**Work request**.
For this item, repeat the material exactly while omitting its pictures.

**Input data**.
------------

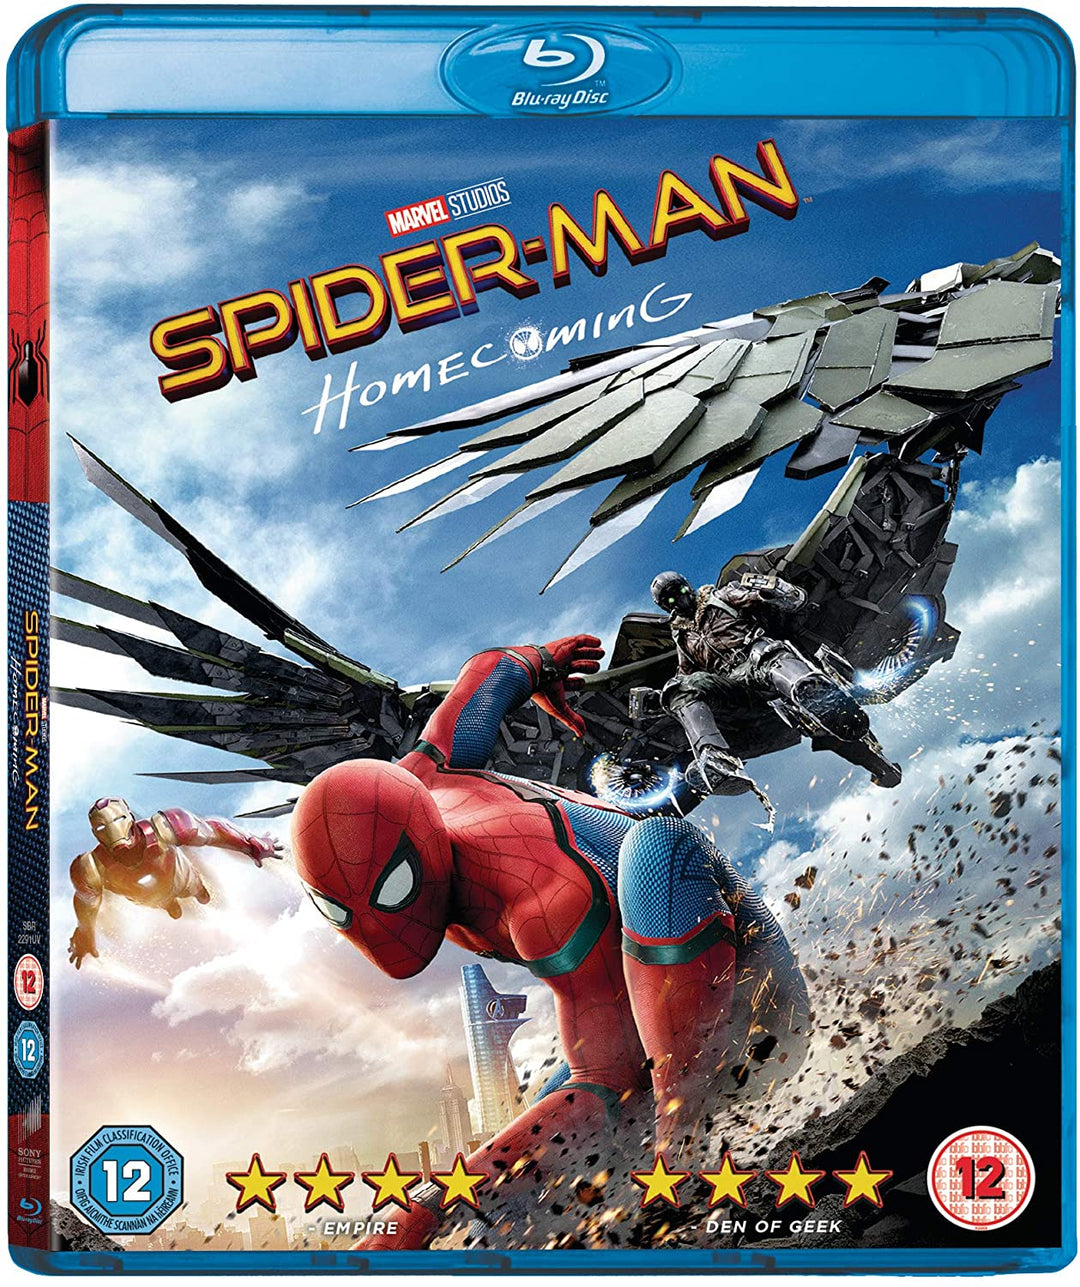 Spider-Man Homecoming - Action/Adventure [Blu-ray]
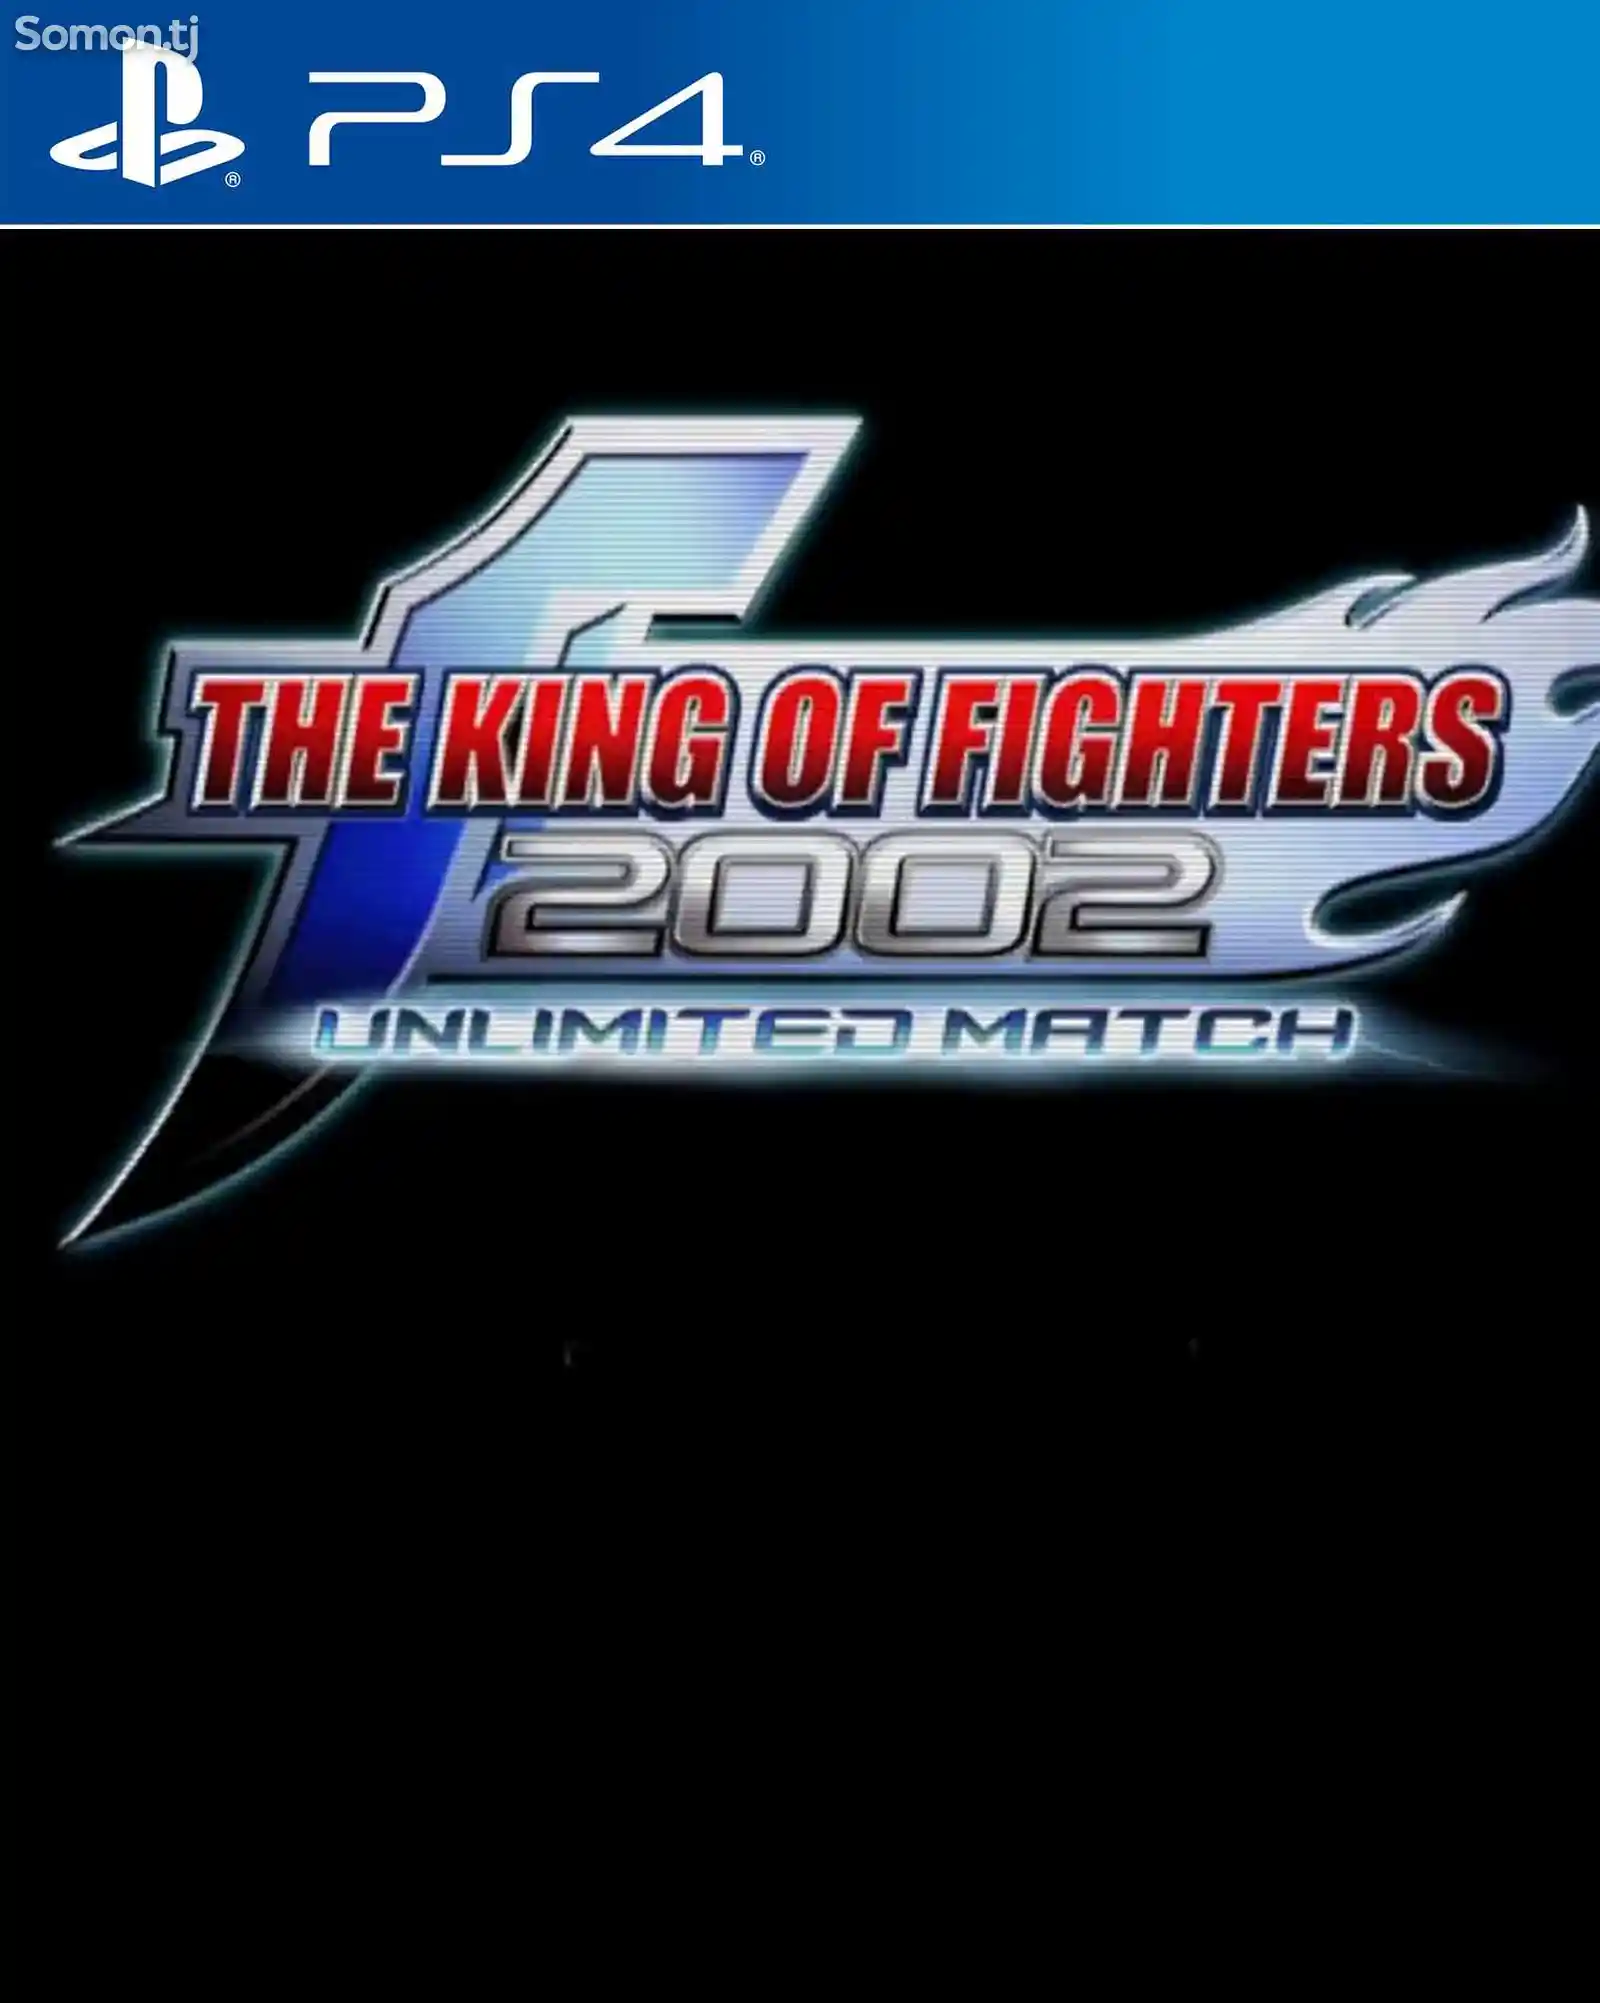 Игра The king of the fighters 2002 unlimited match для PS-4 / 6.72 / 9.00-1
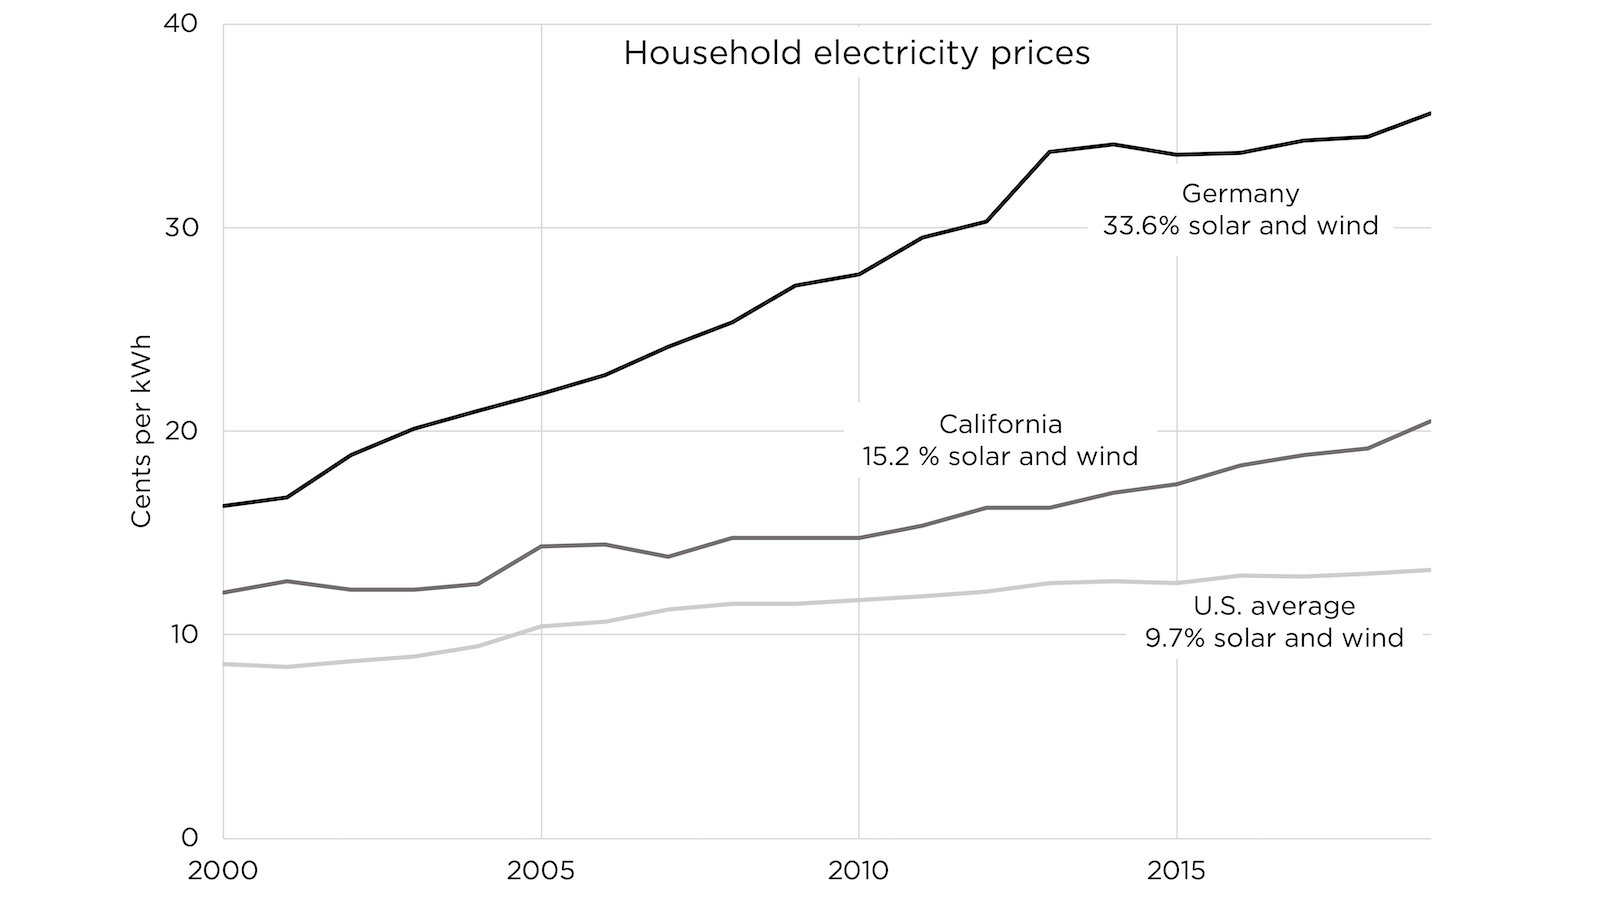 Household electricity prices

------------

**Output**.
 Spider-Man Homecoming - Action/Adventure [Blu-ray]
 Игра The king of the fighters 2002 unlimited match для PS-4 / 6.72 / 9.00-1
 Household electricity prices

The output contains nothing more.